Friday, February 25, 2011

One Giant Step Backward


One Giant Step Backward

In 1780, while the elements of the Constitution were being argued Alexander Hamilton spoke to the Philadelphia assembly:  All communities divide themselves into the few and the many.  The first are rich and well-born, the other the mass of people…The people are turbulent and changing, they seldom judge or determine right.  Give, therefore, to the first class a distinct, permanent share in the government.  They will check the unsteadiness of the second.”     Hamilton was the founder of the Federalist party which over time has become what we now know as the Republican party.  Apparently nothing has changed in their philosophy in over 230 years.

In the past few months some Republican governors, trying to balance their budgets, have proposed everything from massive layoffs to limiting pension pay-outs and denying collective bargaining rights to all public employees, including teachers, police officers and firefighters.  At the same time they have all proposed, as most Republican do, giving tax cuts for the wealthy.  Apparently the Republicans still believe in Hamilton’s principle that that first distinct class of the rich know better what to do with money than the second class, the great majority of the populace.  Unfortunately, that principle does not work.  In fact, in the last 110 years there have only been two Republican presidents, Teddy Roosevelt and Dwight D. Eisenhower, whose tenures in the oval office resulted in job creation and sustainable economic growth.  These two, who were Republican in name only, invested in the middle class by creating public infra-structure projects that put millions of people to work.   While modern Republicans revere Ronald Reagan as their savior, his economic policies were only successful briefly.  Trickle down economics, based on a theory that tax breaks to the wealthy will be reinvested to create private sector jobs, does not work.

But let’s get down to the specifics of two states in particular, Wisconsin and New Jersey.  Governor Scott Walker of Wisconsin is saying that the only way to relieve the budget deficit is to limit the state employee union’s  right to collective bargaining.  This means that salaries of public workers will be frozen, health care will be more expensive and pensions will not be guaranteed.  Meanwhile, Gov. Walker has given the upper 2% of income earners a $117 million dollar tax cut.
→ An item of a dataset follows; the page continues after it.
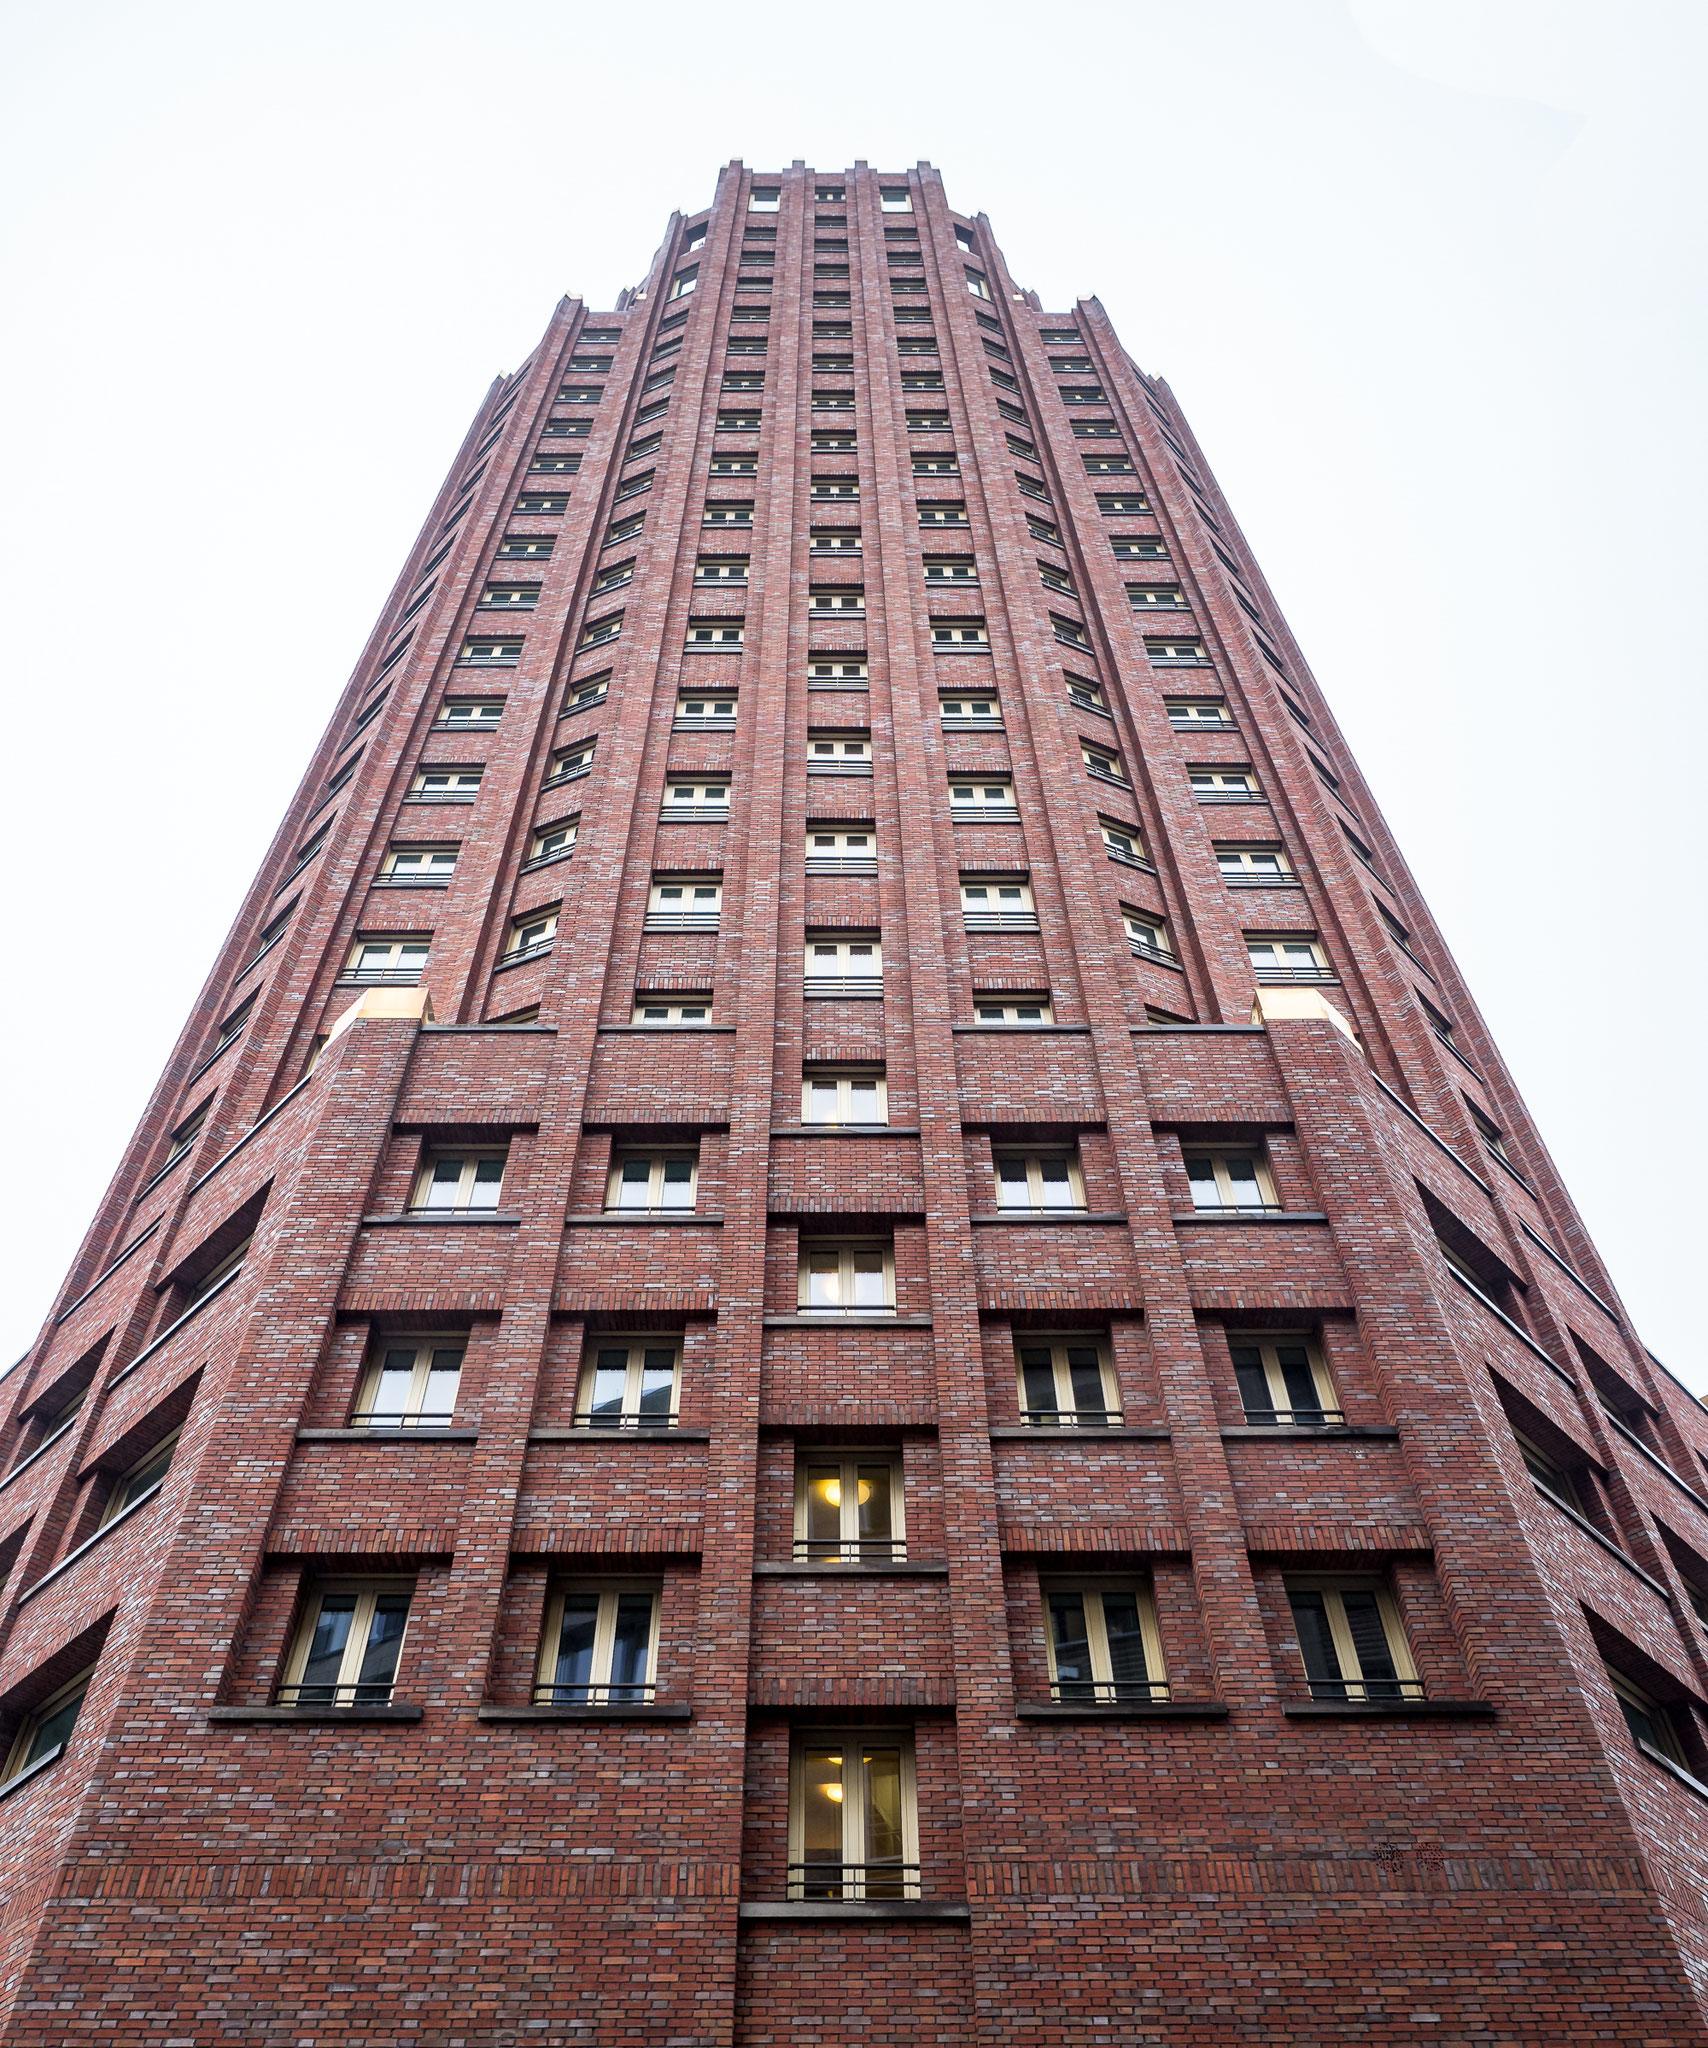 Babblfisch: Hotel erectus

In New Jersey Governor Chris Christie is following the same mantra.  The deficit can’t be fixed unless public employees, especially teachers and police are laid off and take a cut in pension and health care.    Gov. Christie is under a delusion that it’s the unions that have caused this deficit.  History proves otherwise.  It was his Republican predecessor Christine Whitman who borrowed from the state pension fund to fill a hole in the deficit by reinvesting it in the stock market.  When the stock market crashed in 2001 the pension fund collapsed, and because the state is mandated by law to match pension contributions, the deficit widened.  Now he wants to repeal the mandate clause in the pension law so that the state won’t contribute at all and cut pensions altogether for newly hired state employees.  He’s already passed up a $400 million dollar federal education grant that would have meant more teachers, smaller class sizes, and more books and computer resources for New Jersey students, because as he finally admitted, he didn’t want the teachers union (NJEA) to benefit.  And yet he too has given a tax cut to the wealthy.

Unions are not a bad thing as many Republicans would have us believe.  They were created out of necessity to insure safe working conditions and reasonable wages. Before the existence of unions men were working 14 hours a day and were sometimes beaten if they asked for a break, children as young as 6 years old were working in textile mills in Lowell, MA and women were working in sweatshops that had no fire exits.  Collective bargaining is not just about salaries, but includes guidelines for sick leave, vacation hours, lunch breaks and working hours.  Legislatively limiting any union’s ability to bargain for the rights of workers would be taking a huge step backward. 

Are the Republicans really so concerned about their deficit, or are they merely protecting what Hamilton labeled that “first class, the rich” at the expense of the second class, the “other mass that are turbulent and changing"?